Format	Used By	Strengths
LeRobot (HF)	OpenVLA, community	Standard, sharable
RLDS (TFRecords)	RT-1, RT-2, Octo	Open X-Embodiment
robomimic (HDF5)	ACT, many labs	Compact, fast I/O
rosbag	ROS robots	Raw, complete
custom pickle	Quick prototypes	Don't do this

85.5 Common Data Collection Pitfalls

Pitfall	Problem	Solution
Camera calibration drift	Features misalign	Re-calibrate regularly
Operator fatigue	Demo quality drops	30-min sessions max
Missing failure recovery	Policy can't recover	Intentionally include recovery demos
Single operator	Style bias	Multiple operators
Fixed lighting	Not robust	Vary lighting conditions
Clean workspace only	Not robust	Add distractors

Implementation (60 min)

Data Collection Pipeline

import json
import time
import numpy as np
from pathlib import Path
from datetime import datetime

class DemoCollector:
    """Minimal demonstration collection system."""

    def __init__(self, task_name, save_dir="./demos", hz=10):
        self.task_name = task_name
        self.save_dir = Path(save_dir) / task_name
        self.save_dir.mkdir(parents=True, exist_ok=True)
        self.hz = hz
        self.dt = 1.0 / hz

    def collect_episode(self, env, teleop_fn, language_instruction):
        """
        Collect a single demonstration episode.

        Args:
            env: gymnasium environment
            teleop_fn: function that returns action given observation
            language_instruction: text description of the task
        """
        obs, _ = env.reset()
        episode = {
            "metadata": {
                "task": self.task_name,
                "instruction": language_instruction,
                "timestamp": datetime.now().isoformat(),
                "hz": self.hz,
            },
            "observations": [],
            "actions": [],
            "rewards": [],
        }

        done = False
        step = 0
        while not done:
            t_start = time.time()

            # Get teleop action
            action = teleop_fn(obs)

            # Record
            episode["observations"].append(obs.tolist() if hasattr(obs, 'tolist') else obs)
            episode["actions"].append(action.tolist() if hasattr(action, 'tolist') else action)

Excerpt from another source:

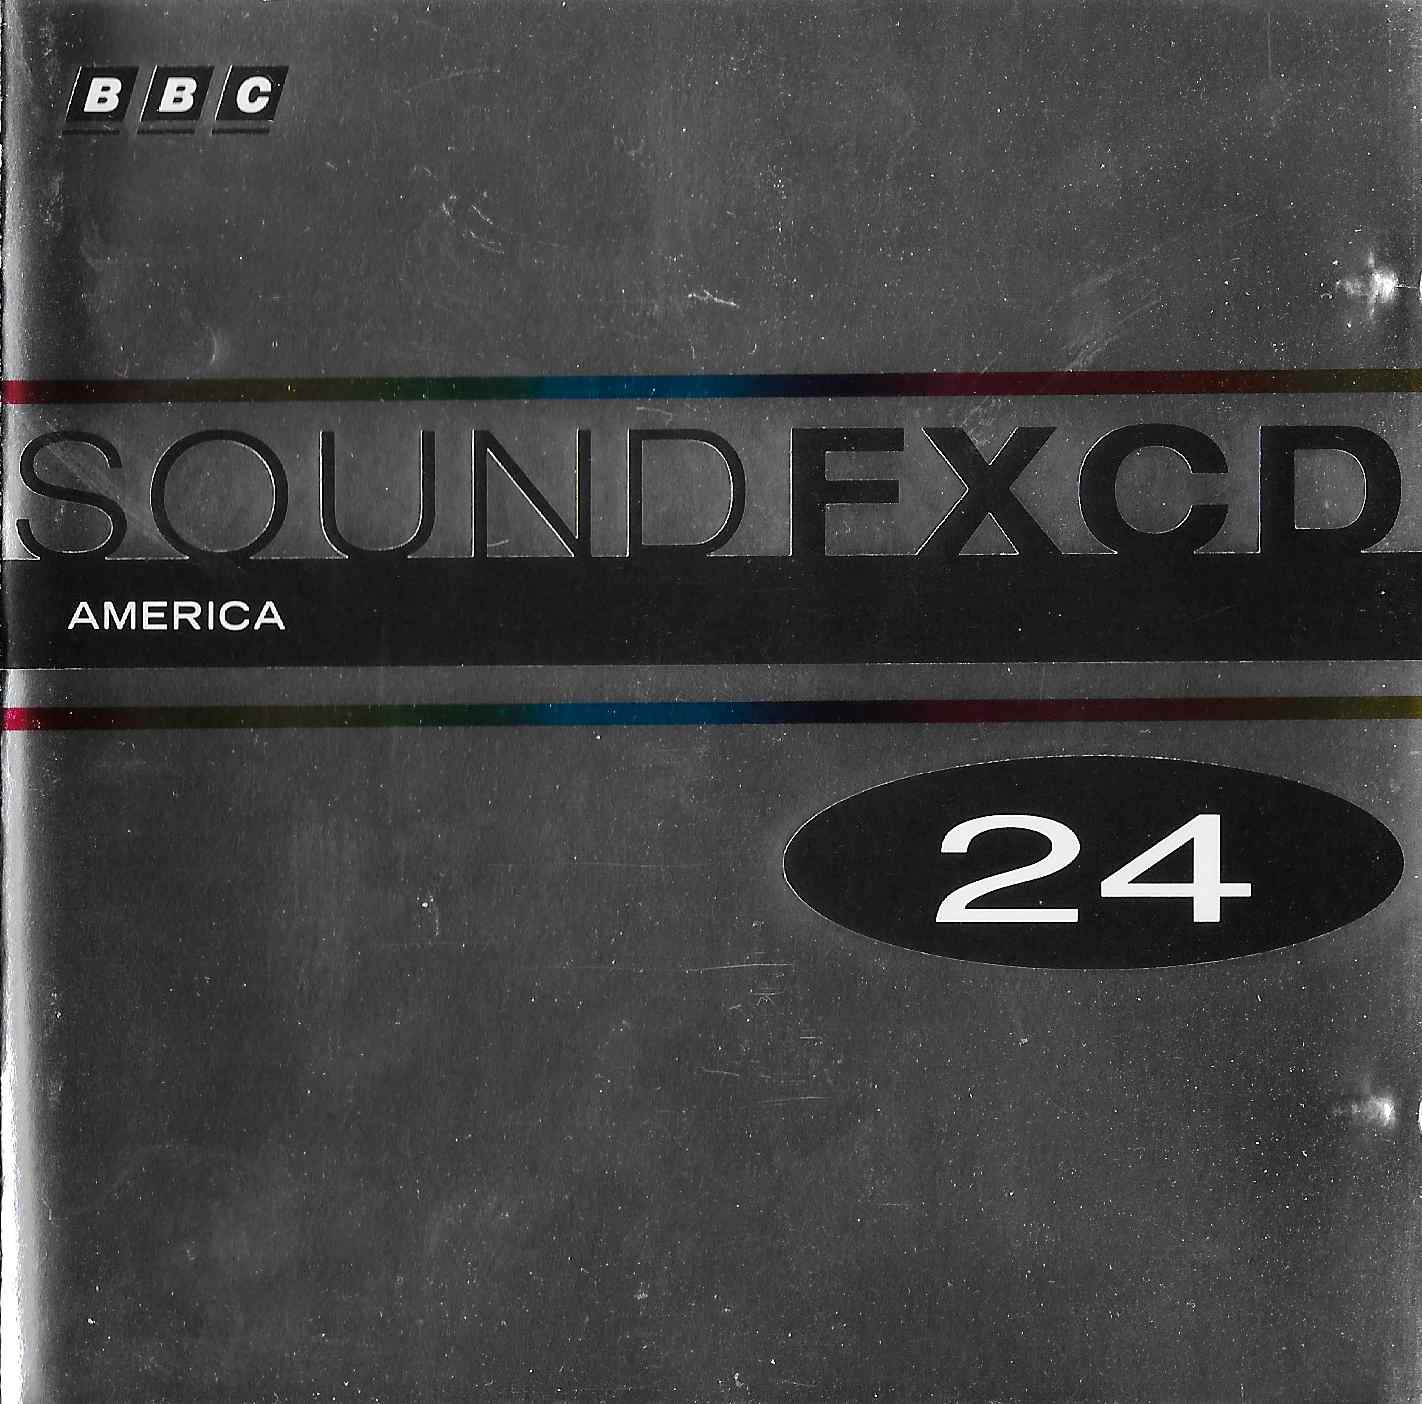 Picture of BBCCD SFX024 America by artist Various from the BBC cds - Records and Tapes library

            # Step environment
            obs, reward, terminated, truncated, info = env.step(action)
            episode["rewards"].append(float(reward))
            done = terminated or truncated
            step += 1

            # Maintain control frequency
            elapsed = time.time() - t_start
            if elapsed < self.dt:
                time.sleep(self.dt - elapsed)

        # Record success
        episode["metadata"]["success"] = bool(sum(episode["rewards"]) > 0)
        episode["metadata"]["length"] = step

        return episode

    def save_episode(self, episode, episode_id=None):
        """Save episode to disk."""
        if episode_id is None:
            existing = list(self.save_dir.glob("episode_*.json"))
            episode_id = len(existing)

        path = self.save_dir / f"episode_{episode_id:04d}.json"
        with open(path, 'w') as f:
            json.dump(episode, f)
        print(f"Saved: {path} ({episode['metadata']['length']} steps, "
              f"success={episode['metadata']['success']})")
        return path

    def collect_dataset(self, env, teleop_fn, instruction, n_episodes=50):
        """Collect a full dataset."""
        episodes = []
        successes = 0
        for i in range(n_episodes):
            print(f"\n--- Episode {i+1}/{n_episodes} ---")
            ep = self.collect_episode(env, teleop_fn, instruction)
            self.save_episode(ep, episode_id=i)
            episodes.append(ep)
            if ep["metadata"]["success"]:
                successes += 1
            print(f"Running success rate: {successes}/{i+1} = {successes/(i+1):.1%}")

        print(f"\nDataset complete: {len(episodes)} episodes, "
              f"{successes}/{len(episodes)} successful")
        return episodes

# --- Data Quality Validation ---
class DataValidator:
    """Validate collected demonstrations."""

    @staticmethod
    def check_episode(episode):
        issues = []

        # Check lengths match
        n_obs = len(episode["observations"])
        n_act = len(episode["actions"])
        if n_obs != n_act:
            issues.append(f"Length mismatch: {n_obs} obs vs {n_act} actions")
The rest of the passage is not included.